We first unbolted and removed the passenger-side inner fenderwell in order to access the heater case assembly on the firewall. There are five 7/16-inch-head perimeter nuts, one 3/8-inch-head sheetmetal screw on the bottom left side, and one 7/16-inch-head machine screw up high on the right side of the motor bolting the case assembly in place. The 3/8 screw and 7/16 bolt had to be accessed from inside the passenger-side wheelwell. On early Camaros, this means removing the right front fender as well. All five 7/16 nuts can be unscrewed from the engine compartment. Drain the cooling system and remove both heater hoses if they're still connected at this time.

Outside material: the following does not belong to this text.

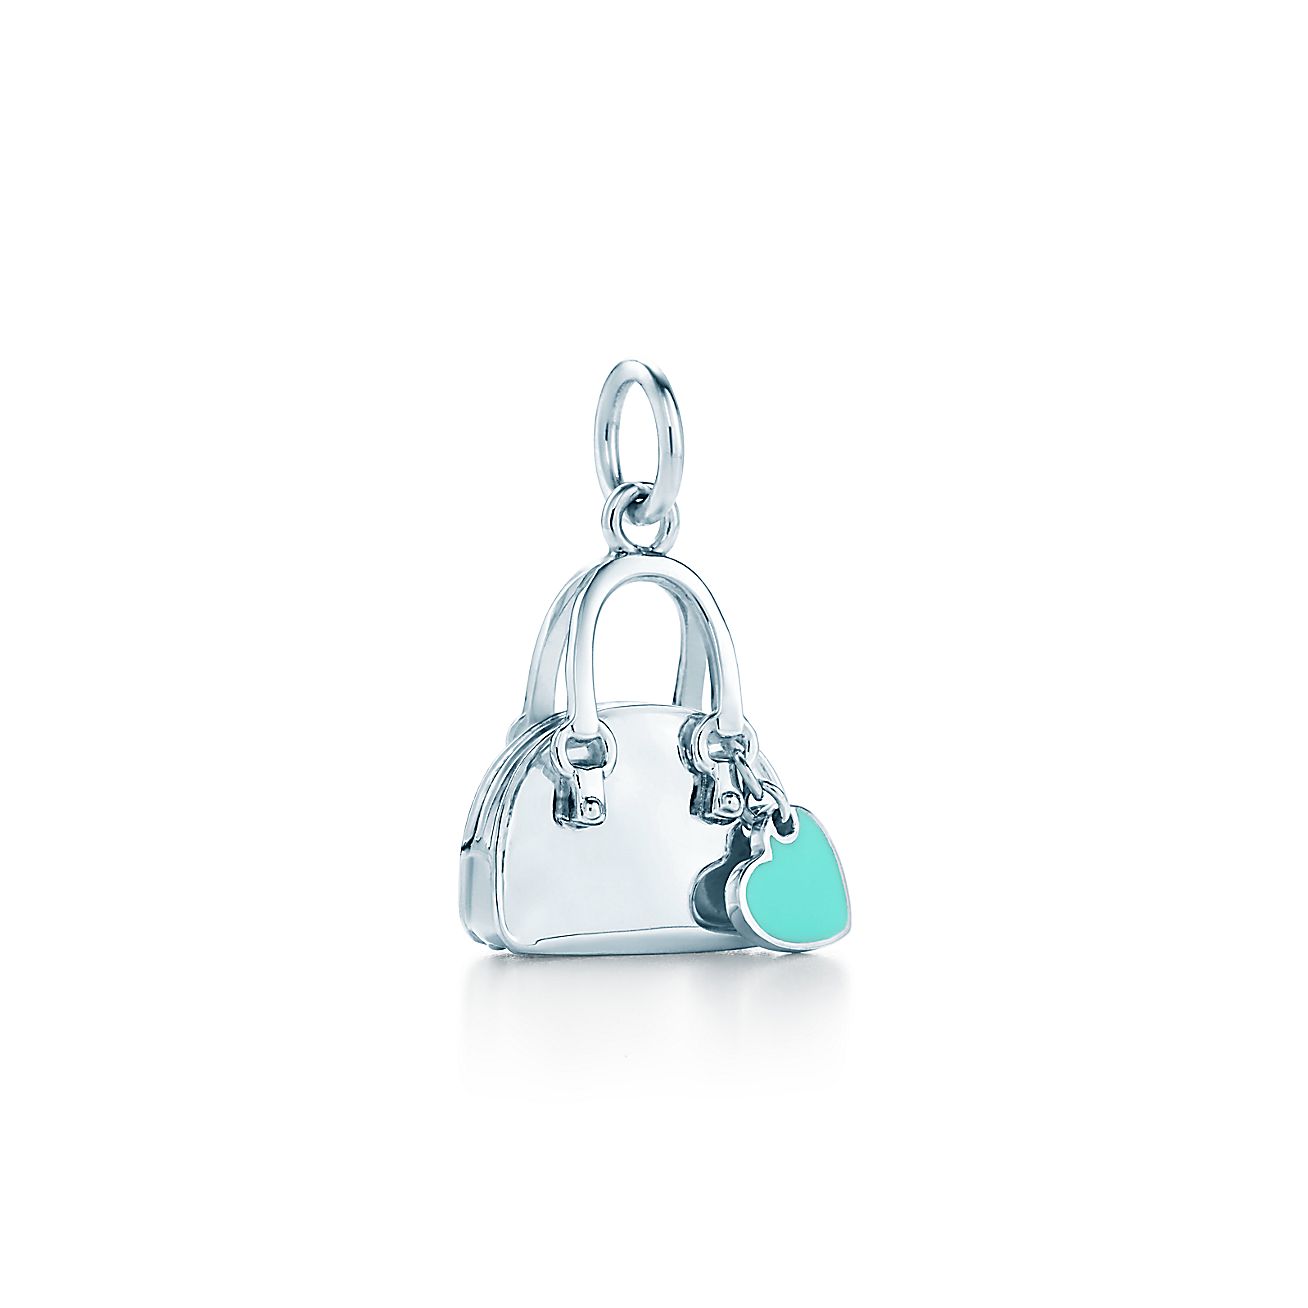 Handbag charm with Tiffany Blue® enamel finish in sterling silver. | Tiffany & Co.

With the outer case assembly removed, you can pull the heater core box out from under the dash. It may take some interior gymnastics to get it out, and you may have to remove some factory brackets bolted to the firewall that help support it. Be sure to clean and lubricate all moving parts such as the hinges, control rods, and original cables if they're not broken. Hang the cables from one end and slowly drip light oil down the cable, moving it in and out of its sleeve to distribute the oil properly.
After the bench-top clean-up and rebuild, reinstall the case assembly, sealing it to the firewall with black RTV silicone or 3M Weatherstrip Adhesive. You should also flush the engine's cooling system and pour in a fresh 50/50 mix of antifreeze and water. Top that off with new heater hoses and you'll have a heater assembly that'll blow hot air like it's brand new.